→ Information provided
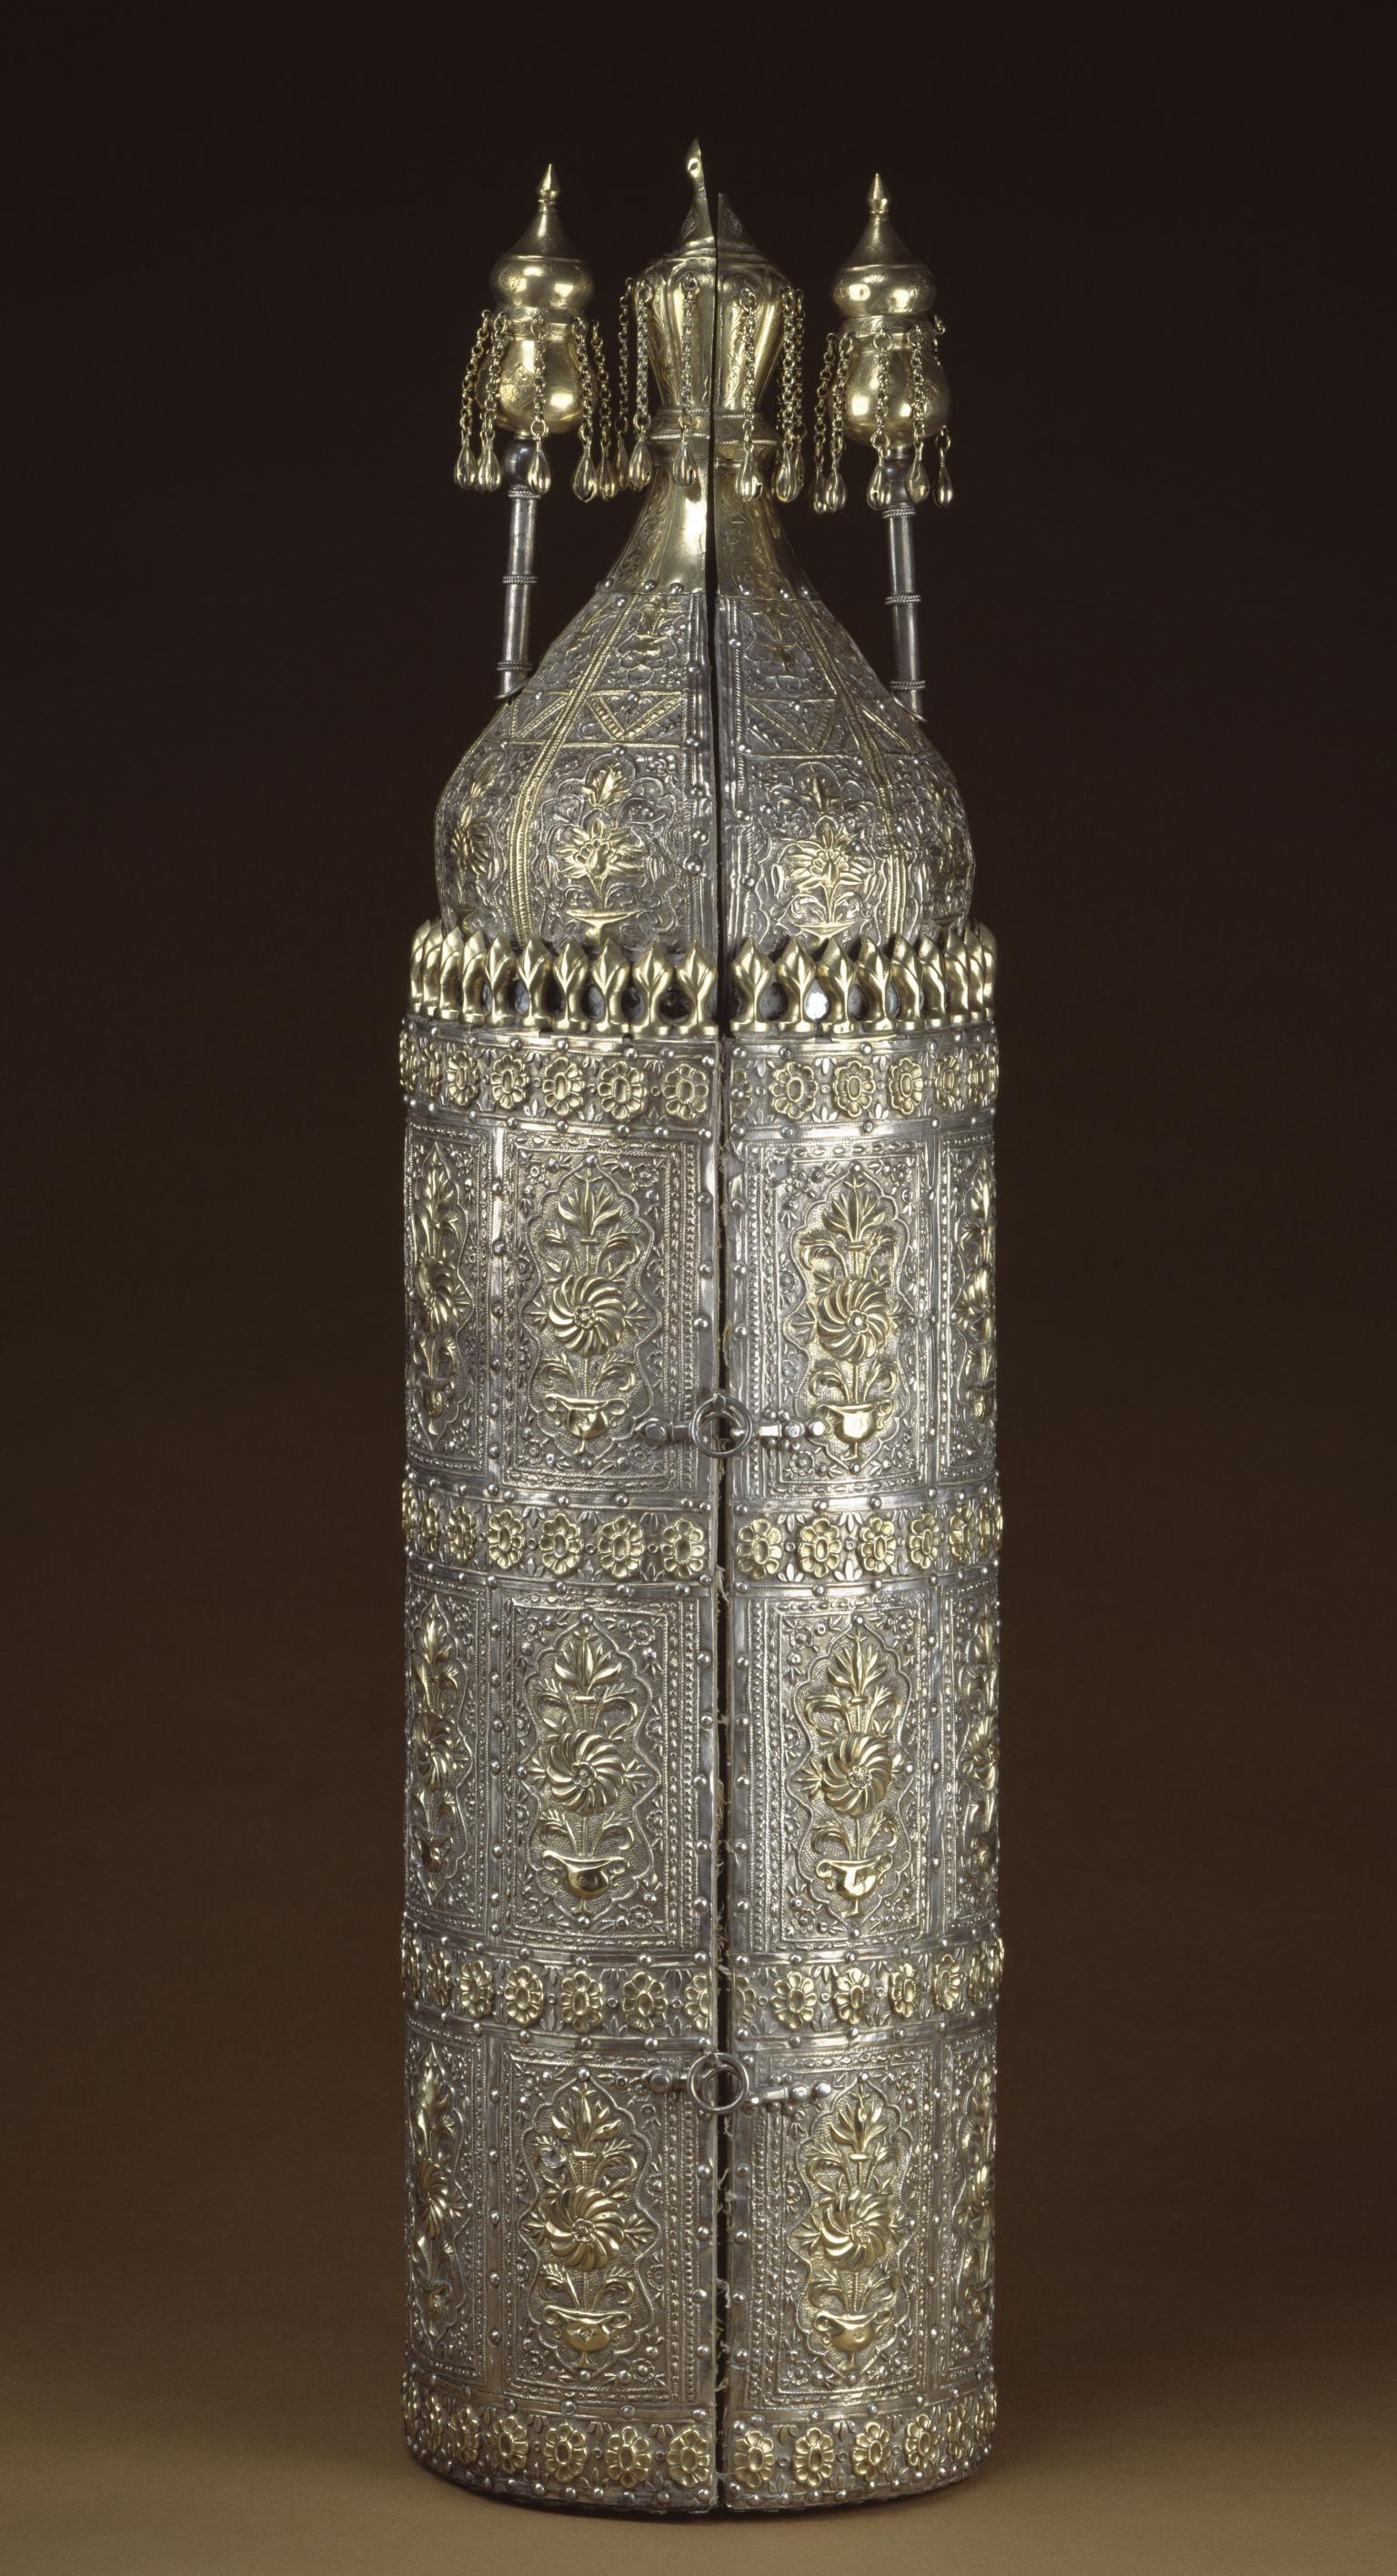 Ornately decorated cylindrical case with Hebrew writing on top and scroll inside; closed cylindrical case with ornate decoration.
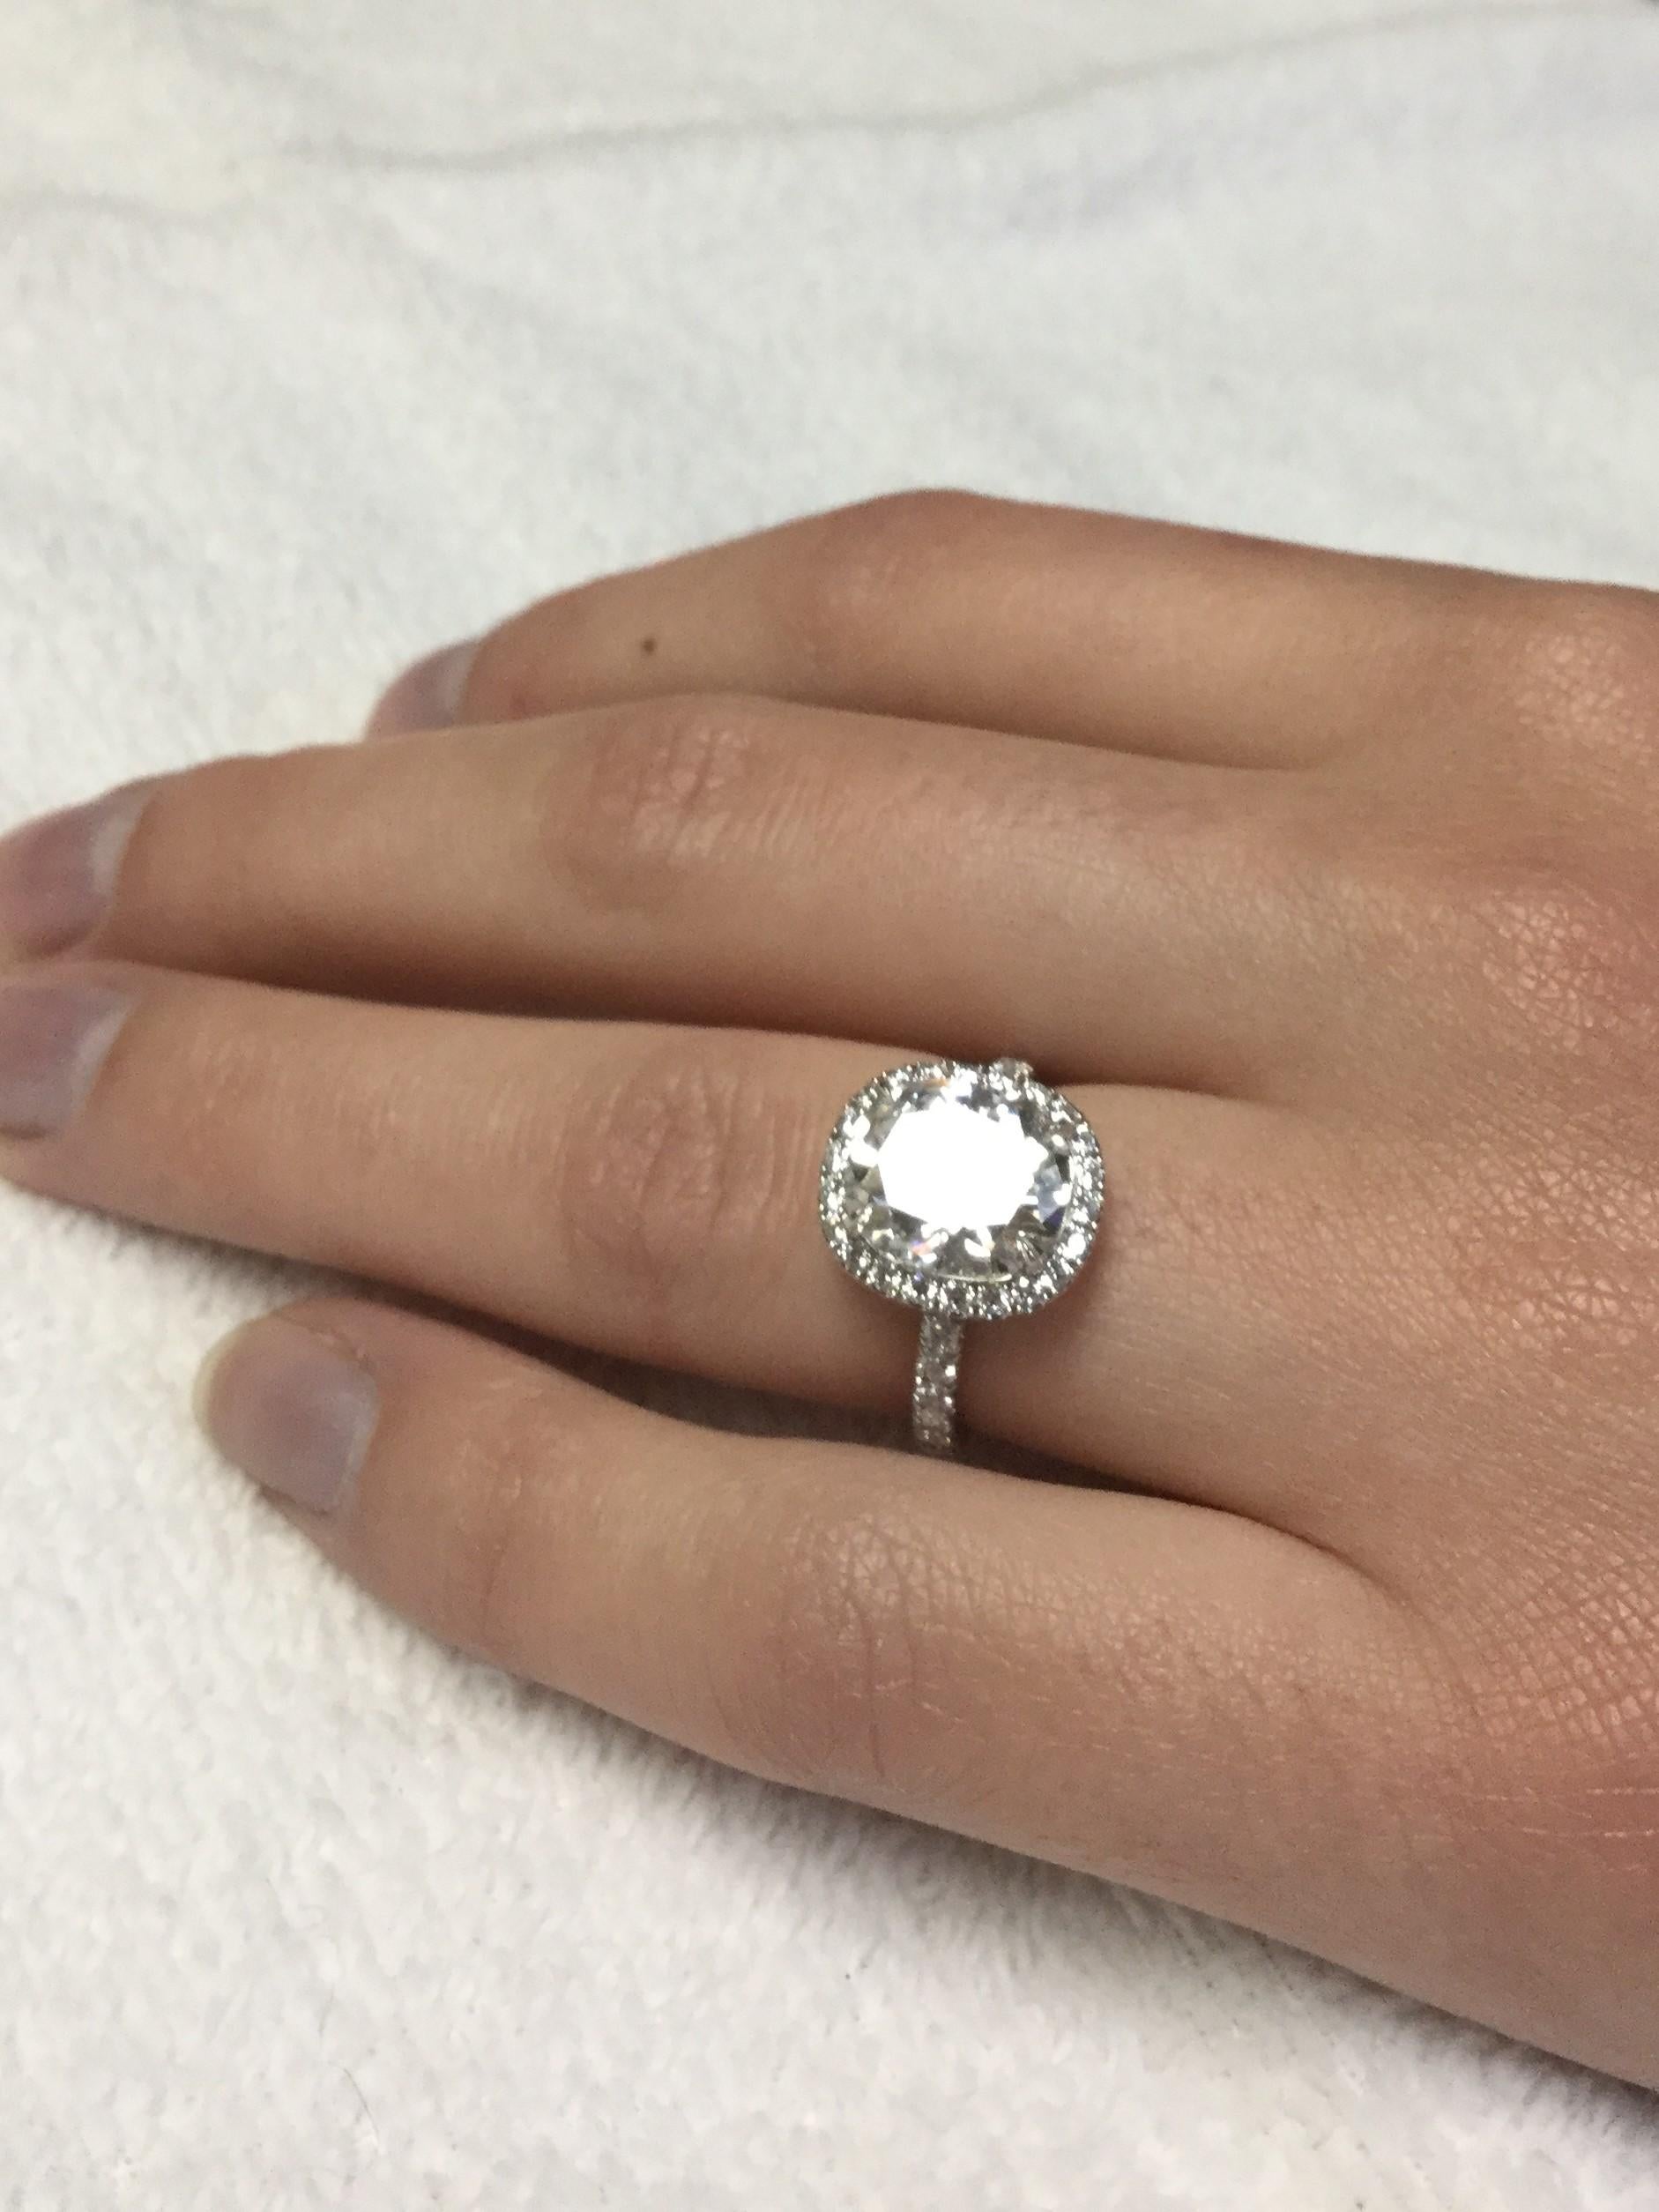 Harry Winston Platinum Cushion Cut Diamond Engagement Ring GIA 3.41 Carat In Excellent Condition For Sale In Wilton, CT
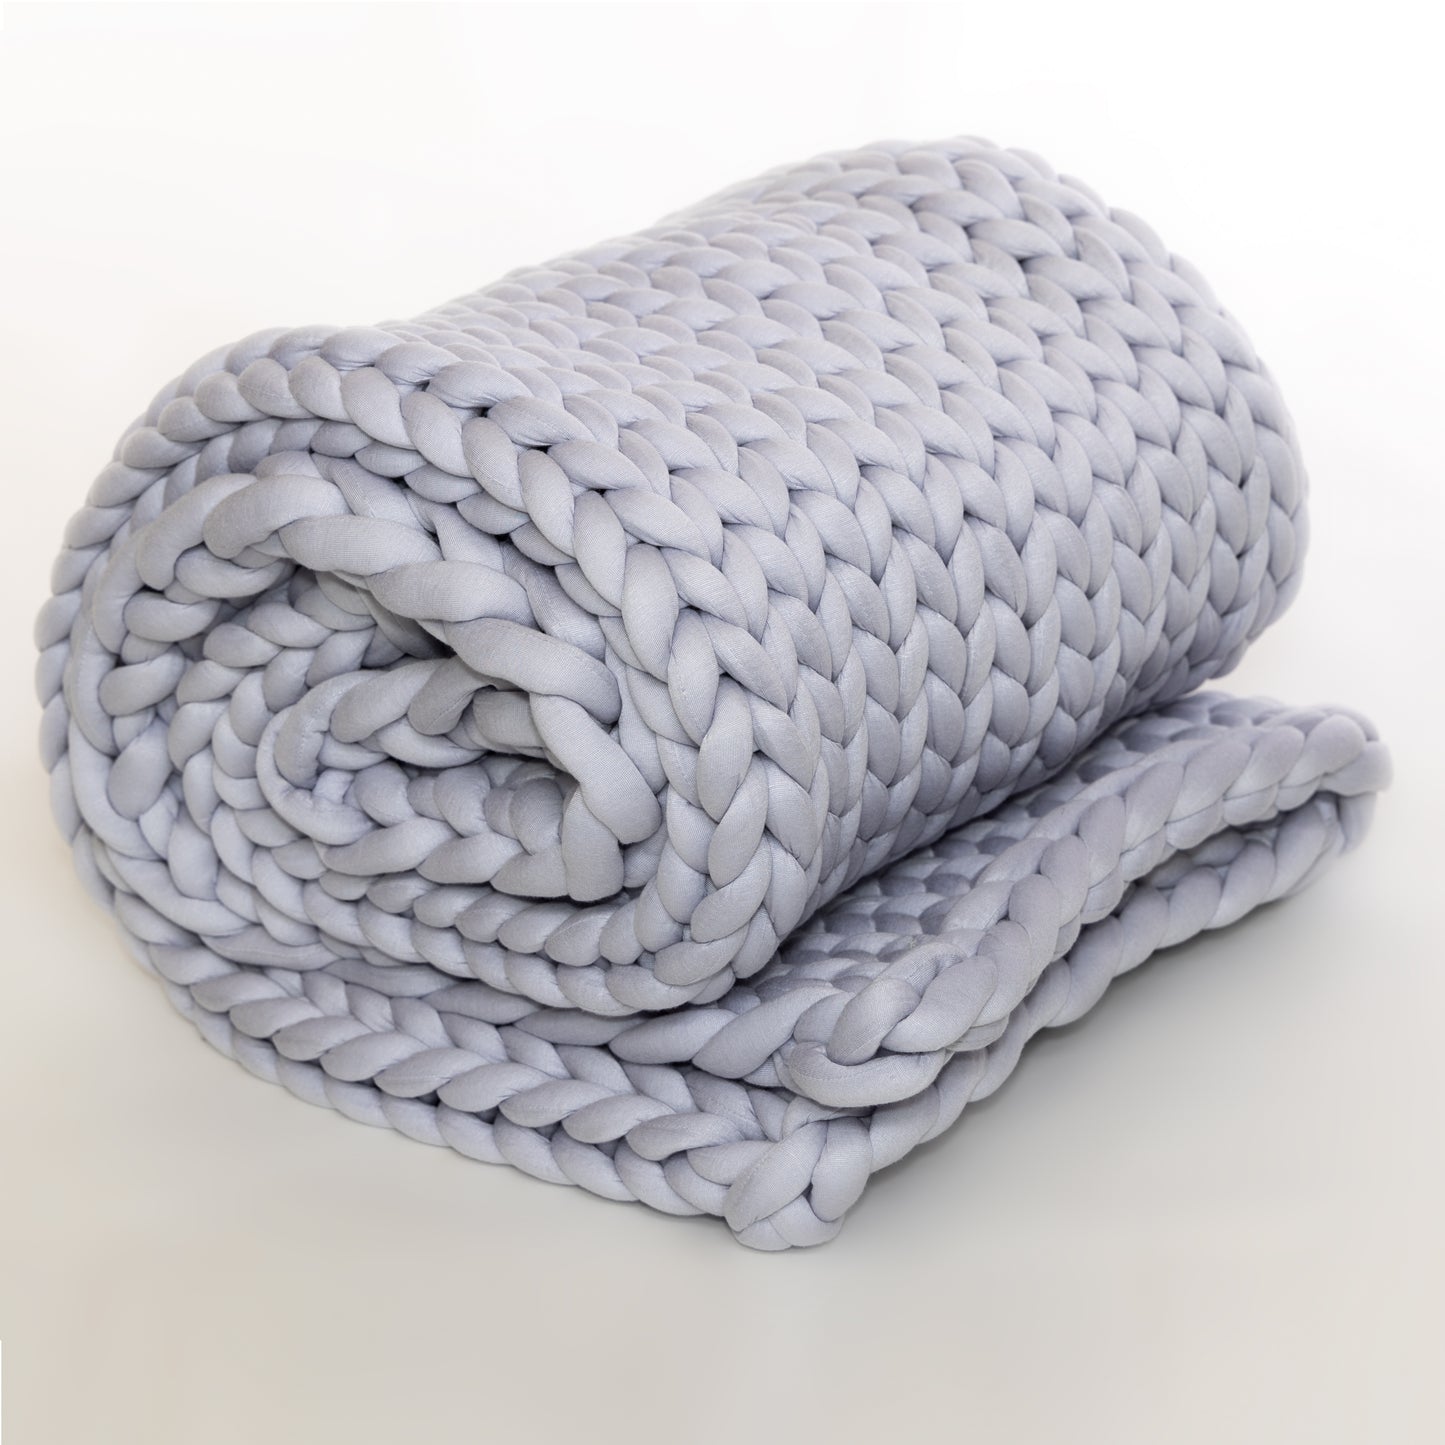 Chunky Knit Weighted Throw, Silver/Gray, 10 pounds

→ Work item
Copy the entire listing exactly but skip the pictures.

→ Reply to the exercise
 Ornately decorated cylindrical case with Hebrew writing on top and scroll inside; closed cylindrical case with ornate decoration.
 Harry Winston Platinum Cushion Cut Diamond Engagement Ring GIA 3.41 Carat In Excellent Condition For Sale In Wilton, CT
 Chunky Knit Weighted Throw, Silver/Gray, 10 pounds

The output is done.